教団施設もせいぜい小さな教会とか程度だ。
でも救護院とか孤児院は結構あった覚えがある。
この国は南の方が貧しいから。
農業と漁業以外大した産業も無いし。
「この学校の生徒は教会で泊まれるし教会の馬車にも乗れるしね。でも馬車で4日は結構疲れるよね。校長先生もそう思わない?」
「私も全国巡行で2週間以上旅行する事があるけれど乗りっぱなしは流石に無いな。でも確かに1日中馬車に乗っているだけでも結構疲れるよな。やる事無いし」
幸いこの国は道だけはしっかり整備されている。
そして教団の馬車は国内なら何処の教会にも本部から最短7日で行けるよう整備されている。
その辺を上手く活用して何か出来ないだろうか。
南部を栄えさせることができるような何かが。
「4日乗るという事はカラバーラの街まで行く訳かな」
カラバーラの街はこの国のほぼ南端だ。
「そうそう。サナターラはカラバーラから歩いて1日の処だよ。朝出てずっと歩けば夕方に着く感じ」
「カラバーラって何か名物があったかな」
「特に思いつかないなあ。単に周辺の野菜や魚の集散地ってだけだと思うよ」
なるほど。
何か名産品があってそれを国内で売れるならば少しは栄えるだろうと思ったのだけれども。
ただ名産品が無ければ作ればいい。
条件は馬車で4日間かけて運んでも価値が下がらないもの。
そしてこの国の南部で栽培可能なものだ。
出来れば軽くて単価が高めのものだとなおいい。
教団で今作っているものだと砂糖なんて条件に合う。
でも出来れば他とかぶらないものがいいな。
例えば綿花、生糸、茶、香辛料といったあたりだ。
「何かまた余分な事を考えているのですか」
イザベルがやってきた。
こいつは俺に対しては本当に勘がいい。
「いやさ、この国の南部で何か産業を興すのにちょうどいいものはないかなとふと思ったんだ。
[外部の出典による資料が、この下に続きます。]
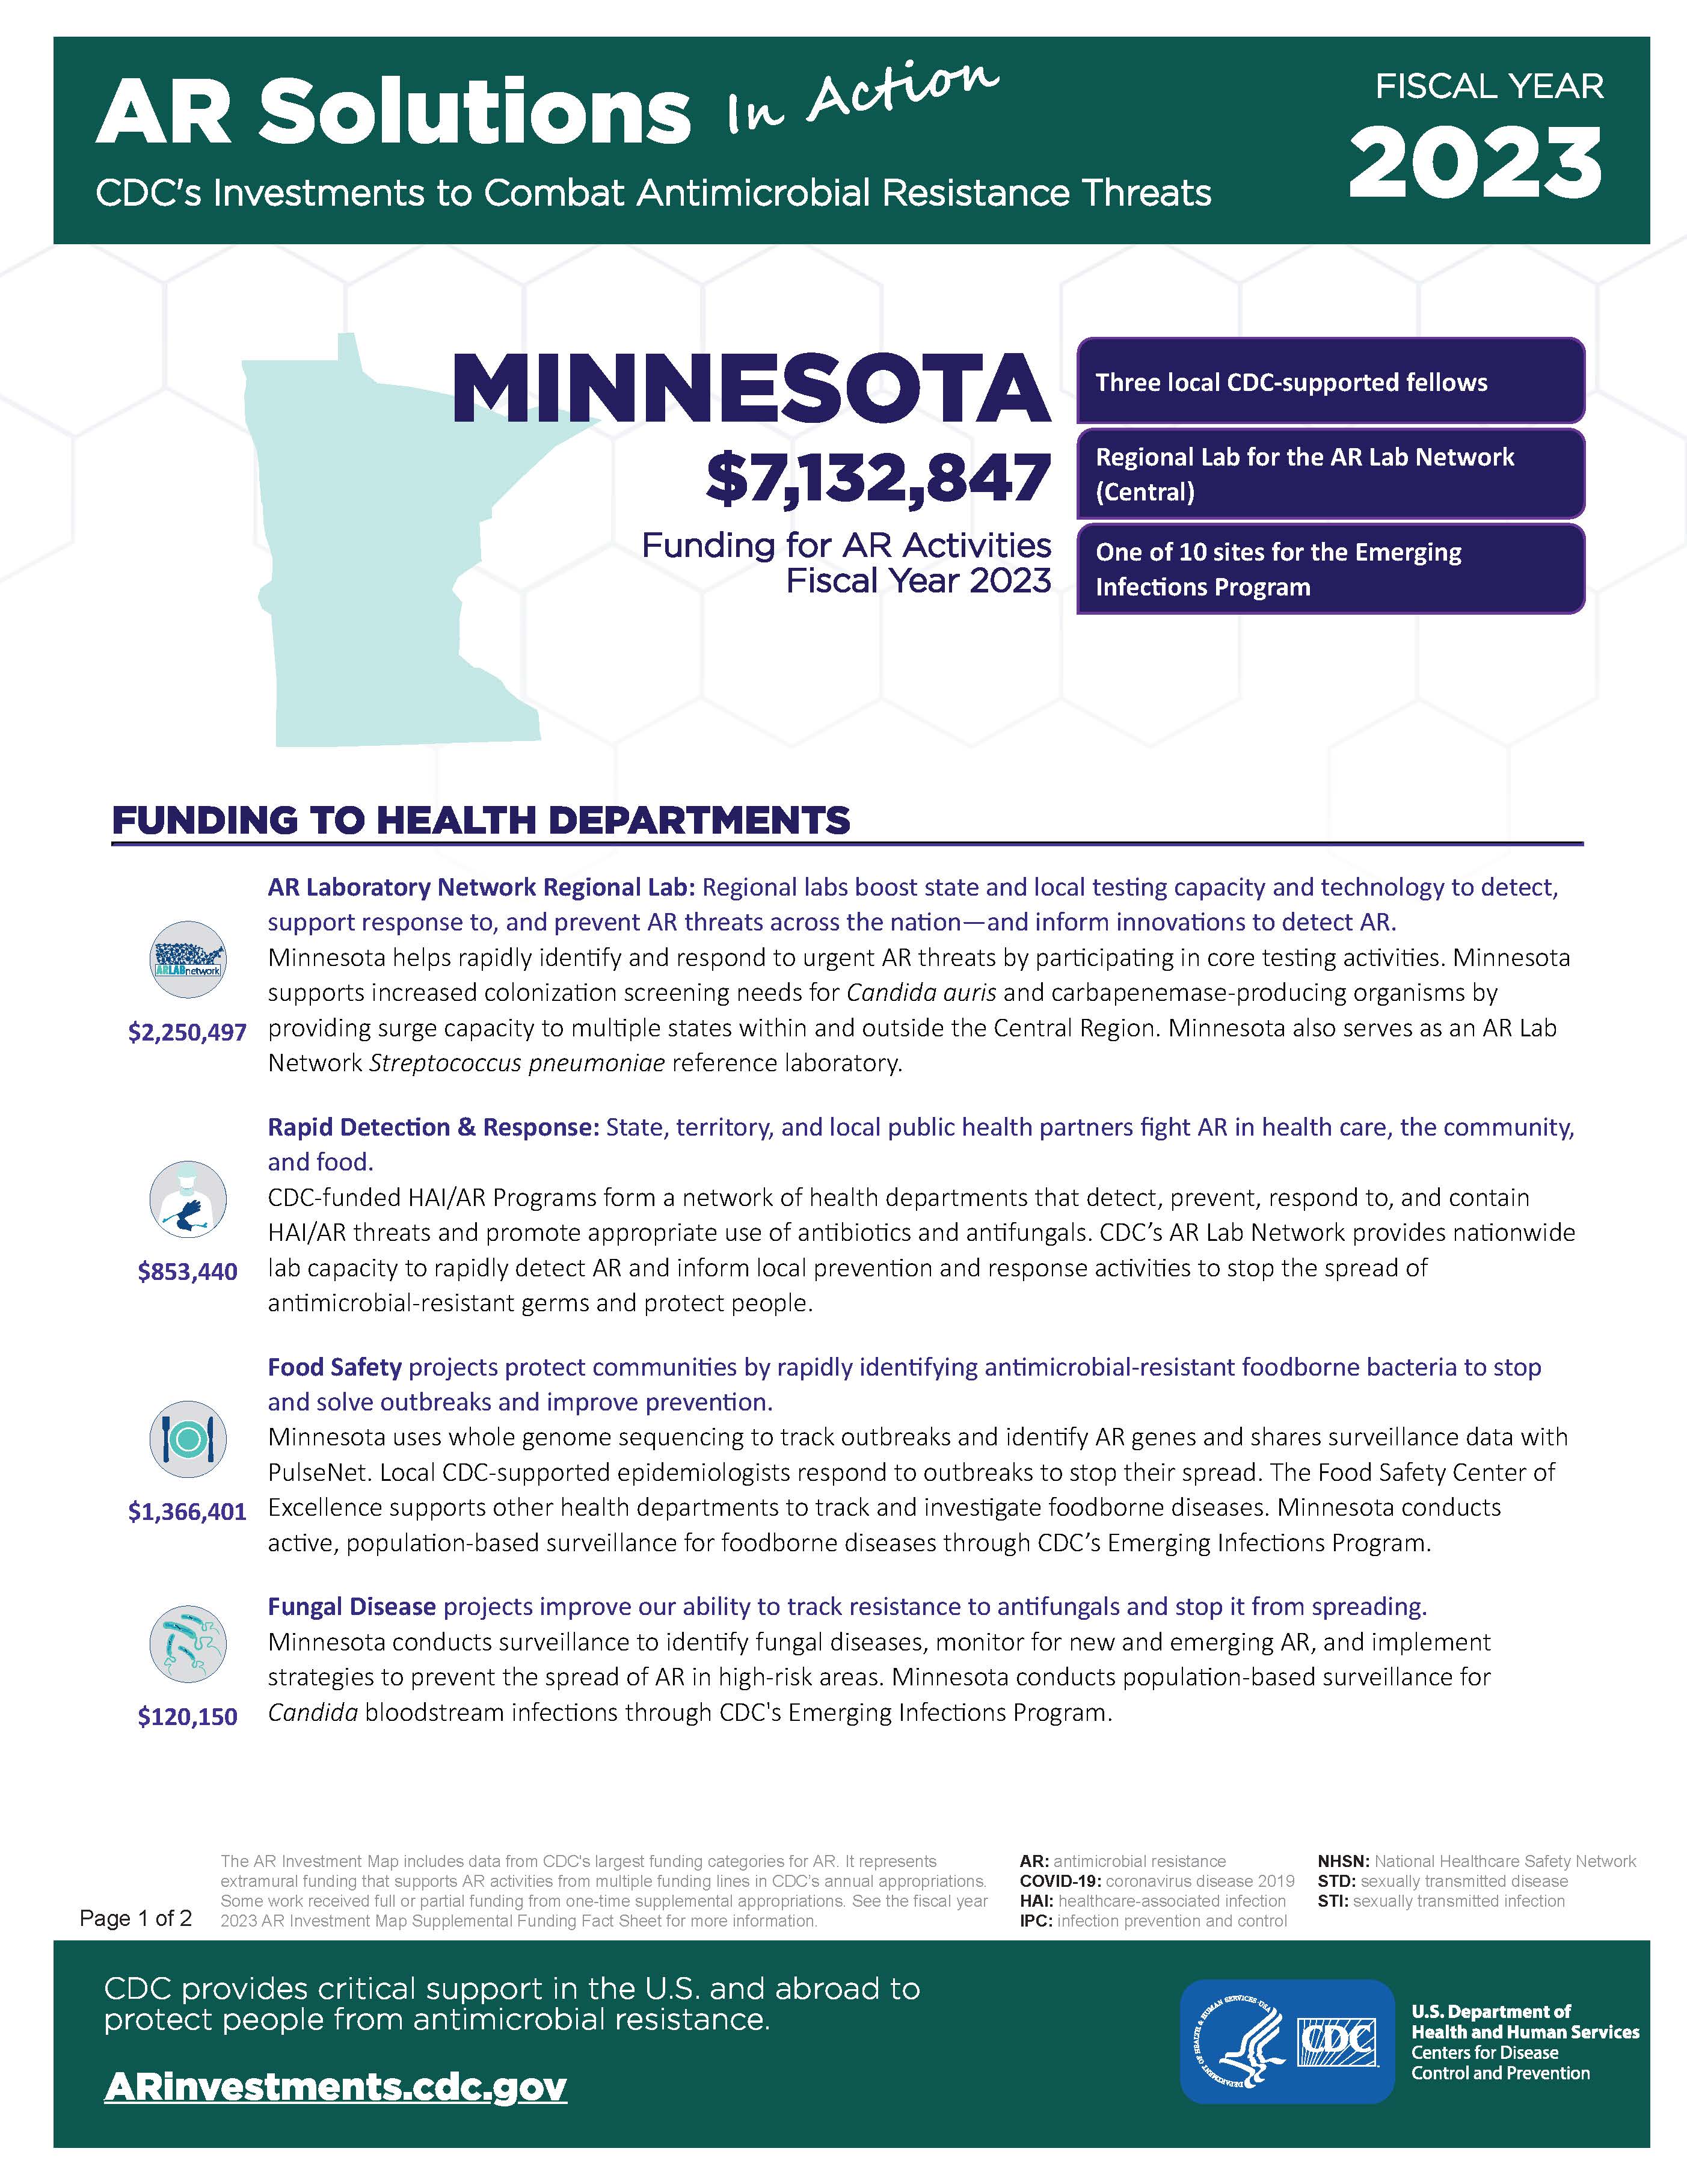 View Factsheet for Minnesota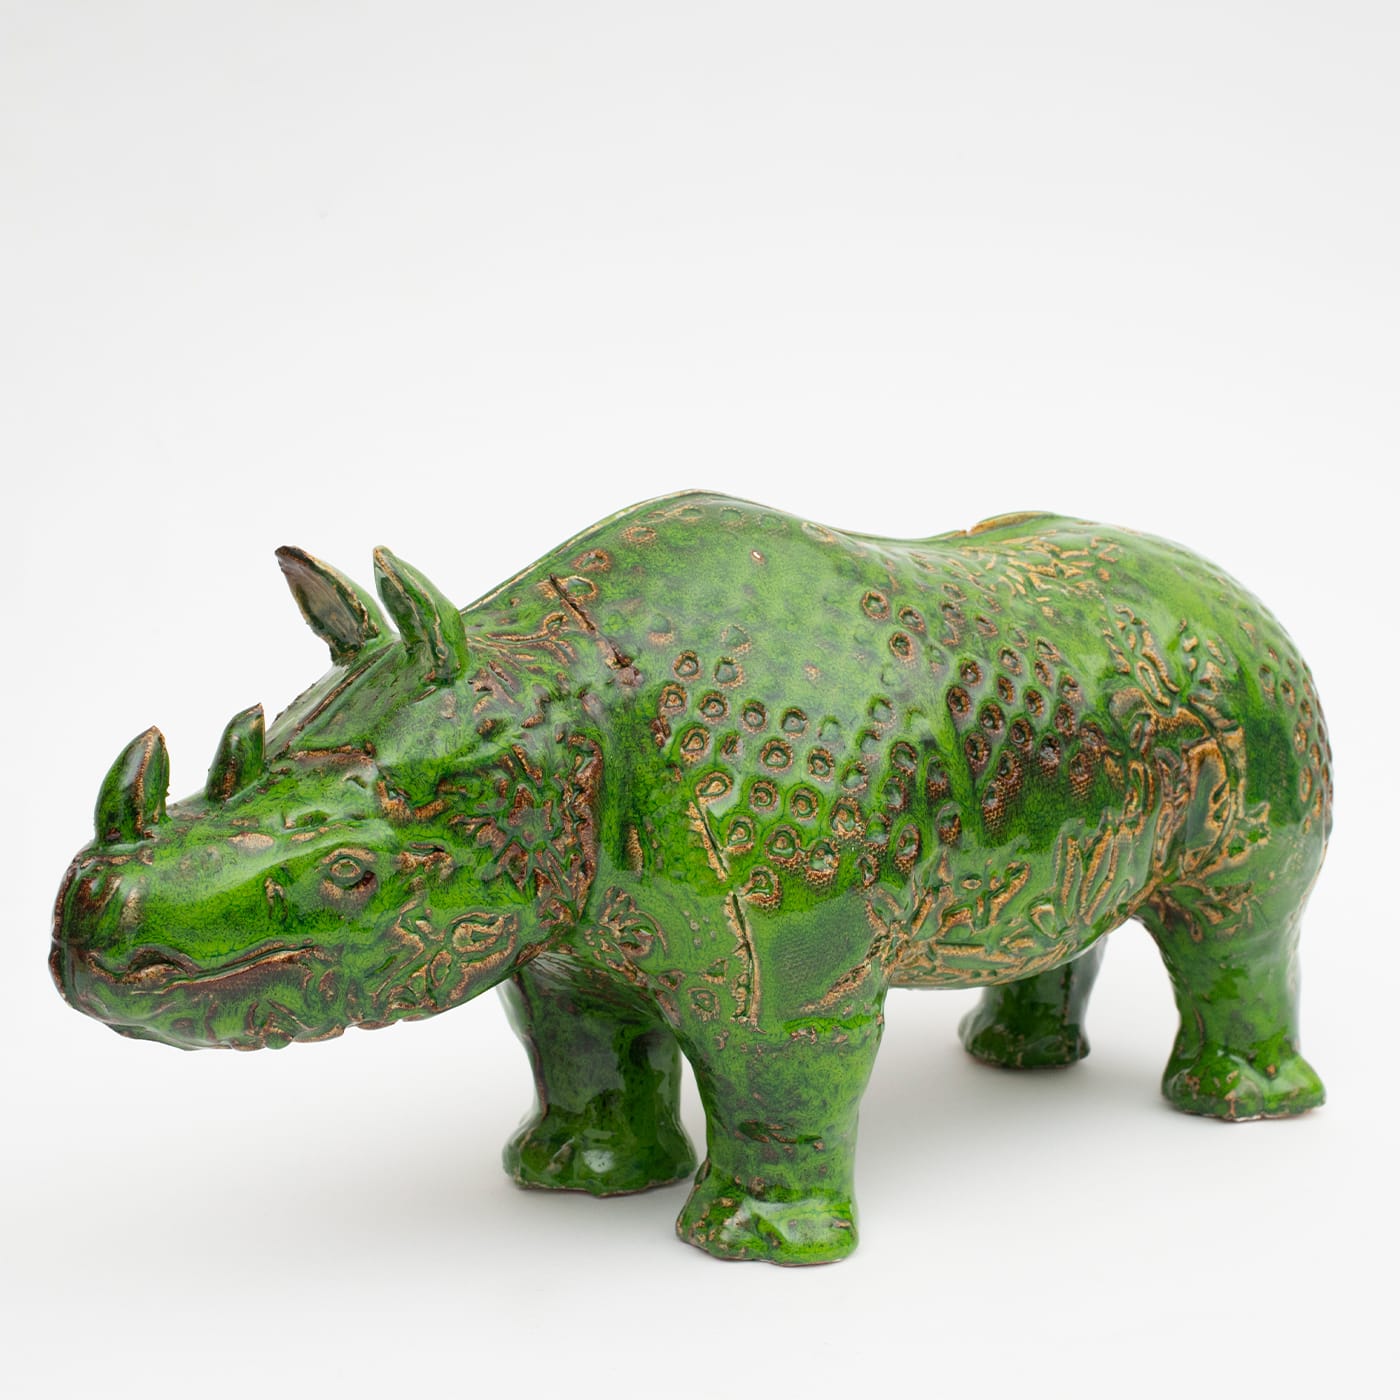 Rhino sculpture #2 - Amaaro

繊維関係とか嗜好品とかで重さに対して単価が高くて、なおかつ南部から運んでも大丈夫なもの」
「でもあの辺、本当に何もない処だよ。作物も普通に麦とかジャガイモとかだし」
「今が何もないからこそ新しく何かを作るのですよ」
イザベルはそう言ってにやりと笑う。
「そんな訳でナープラより南から来た人、集合なのですよ。ちょっと一緒に考えてほしい事があるのです」
イザベルは強引な手段に出た。
ゲームを中止して何だ何だという感じで皆さんやってくる。
お、思ったよりいるな。
この部屋にいる22人中10名。半分近くが南部出身者だ。
それだけ南部が貧しいという事でもあるんだろうな。
そんな事を俺は思う。
「さて、この国のこの辺には無くて南部にはあるような産物を教えて欲しいのですよ。市販していたり流通していたりする必要は無いのです。むしろ自分達の家の近くでだけ使われているなんてものを知りたいのです。食べ物でも遊び道具でも役に立たないものでも何でもいいのです」
「うーん、家には何も無かったからなあ」
「何もなかったからこそ、当時は家にあって今ここには無いものを知りたいのです」
「そう言っても難しいよね」
皆でうーんと考える。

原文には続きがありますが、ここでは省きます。